In Java, the growable bit-array data structure `BitSet` has a `BitSet.cardinality()` method that counts the number of bits that are set. In addition, there are `Integer.bitCount(int)` and `Long.bitCount(long)` functions to count bits in primitive 32-bit and 64-bit integers, respectively. Also, the `BigInteger` arbitrary-precision integer class also has a `BigInteger.bitCount()` method that counts bits.

In Python, the `int` type has a `bit_count()` method to count the number of bits set. This functionality was introduced in Python 3.10, released in October 2021.

In Common Lisp, the function `logcount`, given a non-negative integer, returns the number of 1 bits. (For negative integers it returns the number of 0 bits in 2's complement notation.) In either case the integer can be a BIGNUM.

Starting in GHC 7.4, the Haskell base package has a `popCount` function available on all types that are instances of the `Bits` class (available from the `Data.Bits` module).

MySQL version of SQL language provides `BIT_COUNT()` as a standard function.

Fortran 2008 has the standard, intrinsic, elemental function `popcnt` returning the number of nonzero bits within an integer (or integer array).

Some programmable scientific pocket calculators feature special commands to calculate the number of set bits, e.g. `#B` on the HP-16C and WP 43S, `#BITS` or `BITSUM` on HP-16C emulators, and `nBITS` on the WP 34S.
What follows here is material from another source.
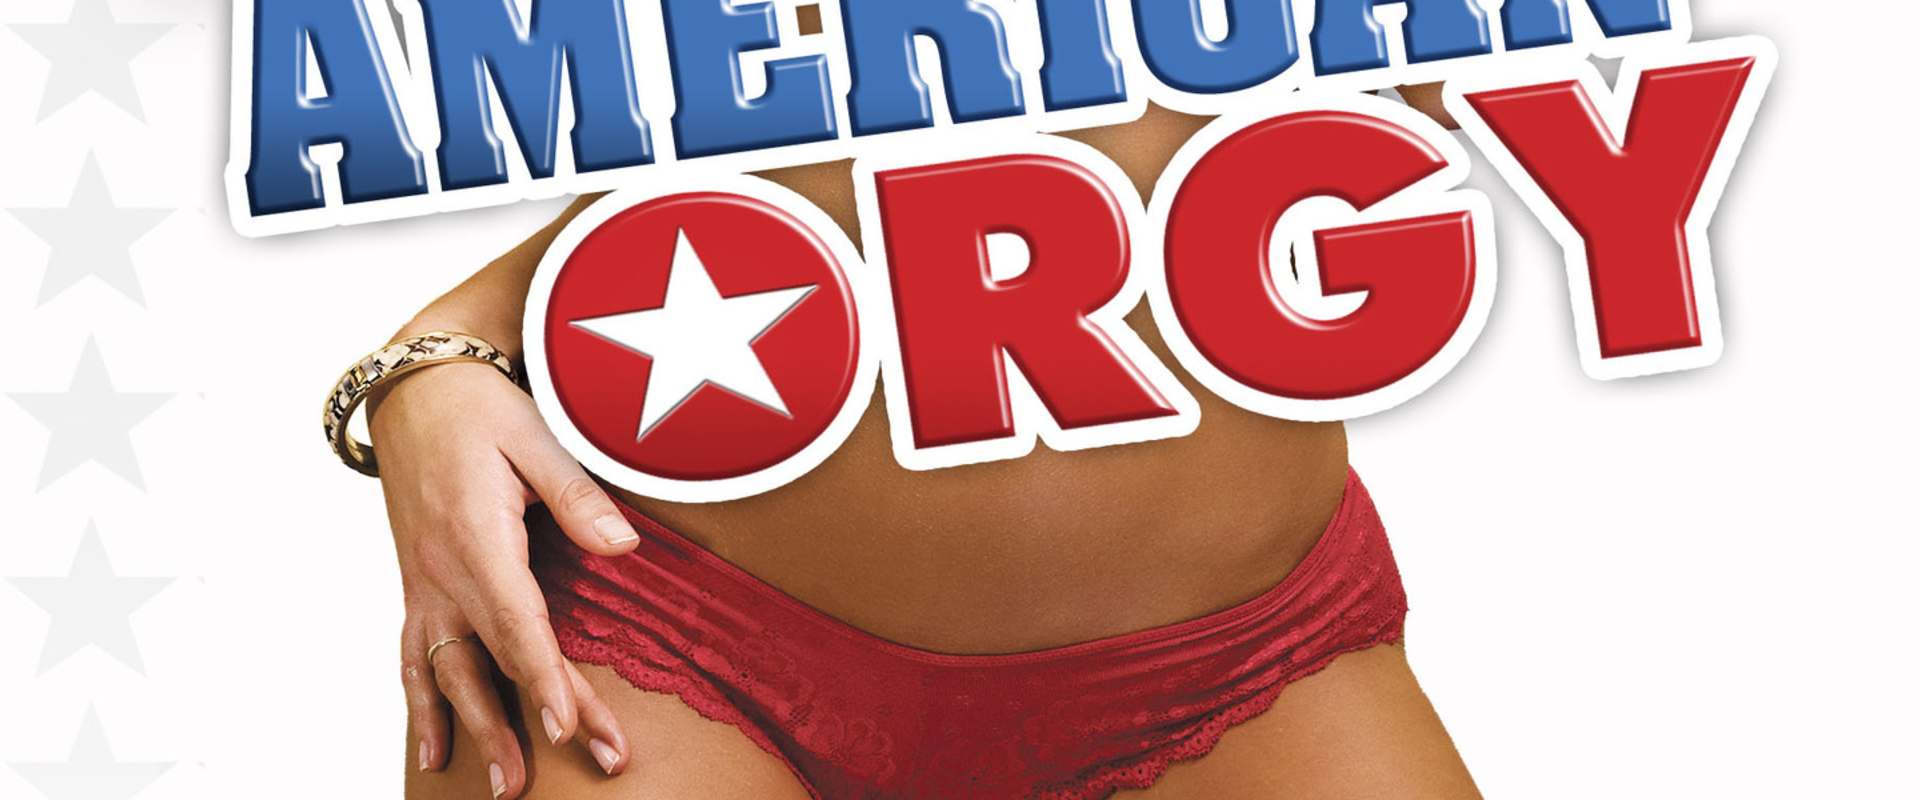 All American Orgy background 1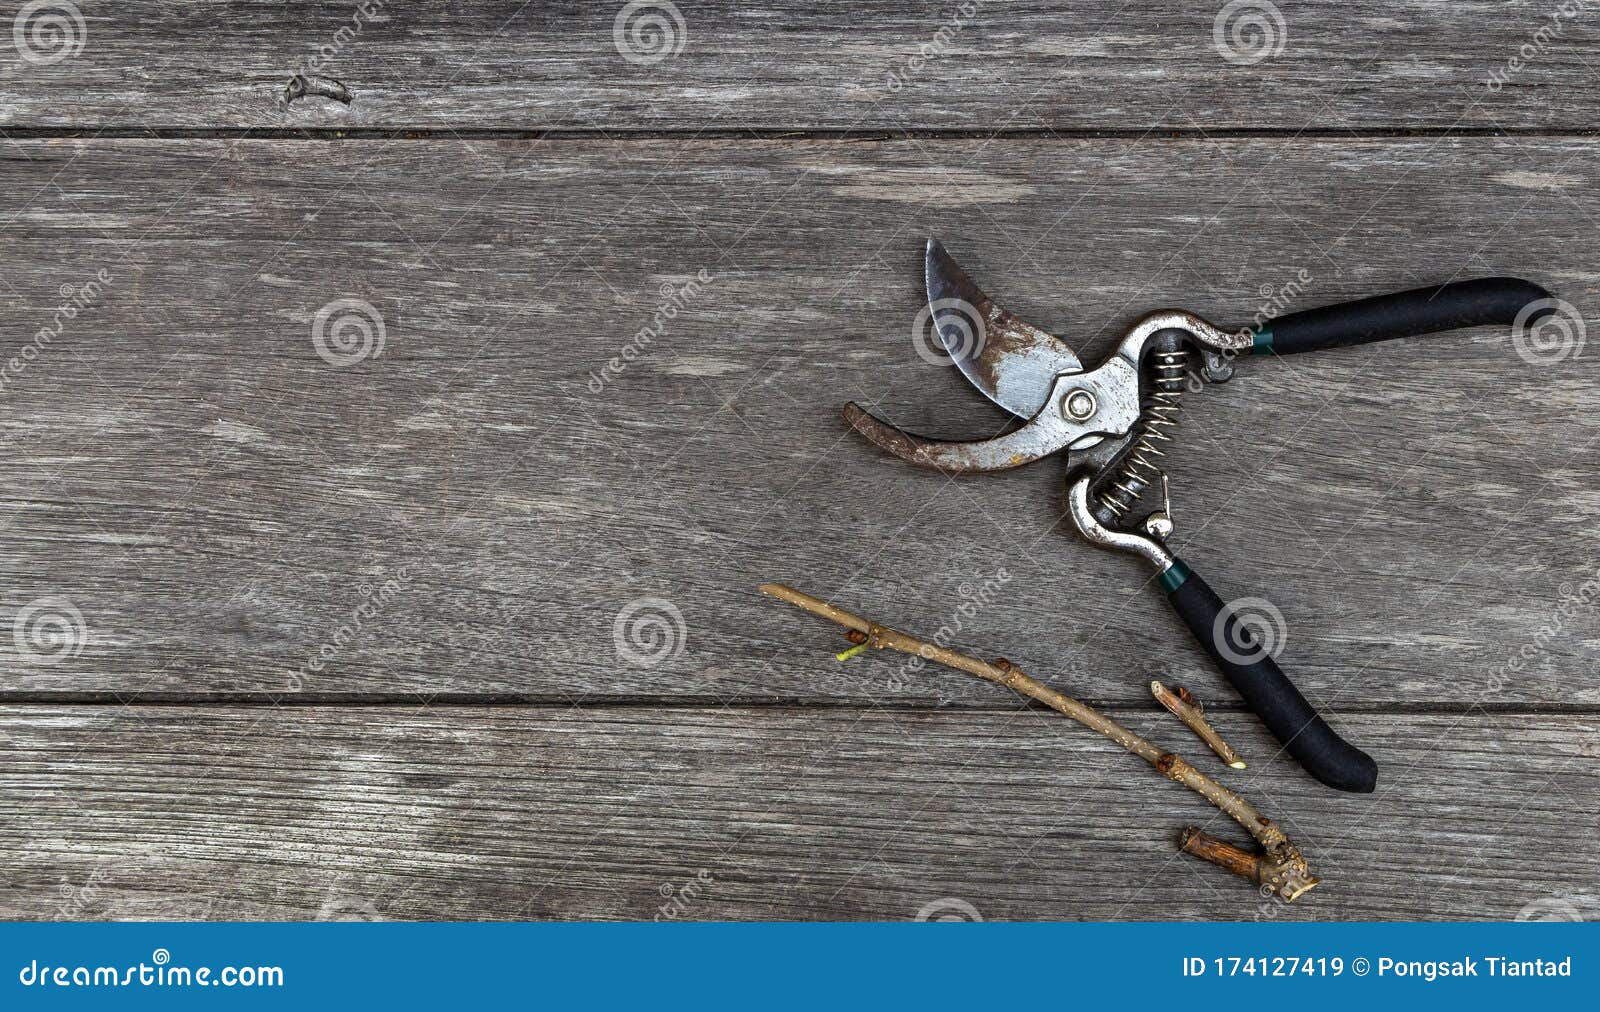 old pruning shears and branch  on wood table background wiht copy space for your text or image

FreePascal implements popcnt since version 3.0.

## Processor support

• The IBM STRETCH computer in the 1960s calculated the number of set bits as well as the number of leading zeros as a by-product of all logical operations.
• Cray supercomputers early on featured a population count machine instruction, rumoured to have been specifically requested by the U.S. government National Security Agency for cryptanalysis applications.
• Control Data Corporation's (CDC) 6000 and Cyber 70/170 series machines included a population count instruction; in COMPASS, this instruction was coded as `CXi`.
• The 64-bit SPARC version 9 architecture defines a `POPC` instruction, but most implementations do not implement it, requiring it be emulated by the operating system.
• Donald Knuth's model computer MMIX that is going to replace MIX in his book The Art of Computer Programming has an `SADD` instruction since 1999. `SADD a,b,c` counts all bits that are 1 in b and 0 in c and writes the result to a.
• Compaq's Alpha 21264A, released in 1999, was the first Alpha series CPU design that had the count extension (`CIX`).
• Analog Devices' Blackfin processors feature the `ONES` instruction to perform a 32-bit population count.
• AMD's Barcelona architecture introduced the advanced bit manipulation (ABM) ISA introducing the `POPCNT` instruction as part of the SSE4a extensions in 2007.
• Intel Core processors introduced a `POPCNT` instruction with the SSE4.2 instruction set extension, first available in a Nehalem-based Core i7 processor, released in November 2008.
• The ARM architecture introduced the `VCNT` instruction as part of the Advanced SIMD (NEON) extensions.
• The RISC-V architecture introduced the `PCNT` instruction as part of the Bit Manipulation (B) extension.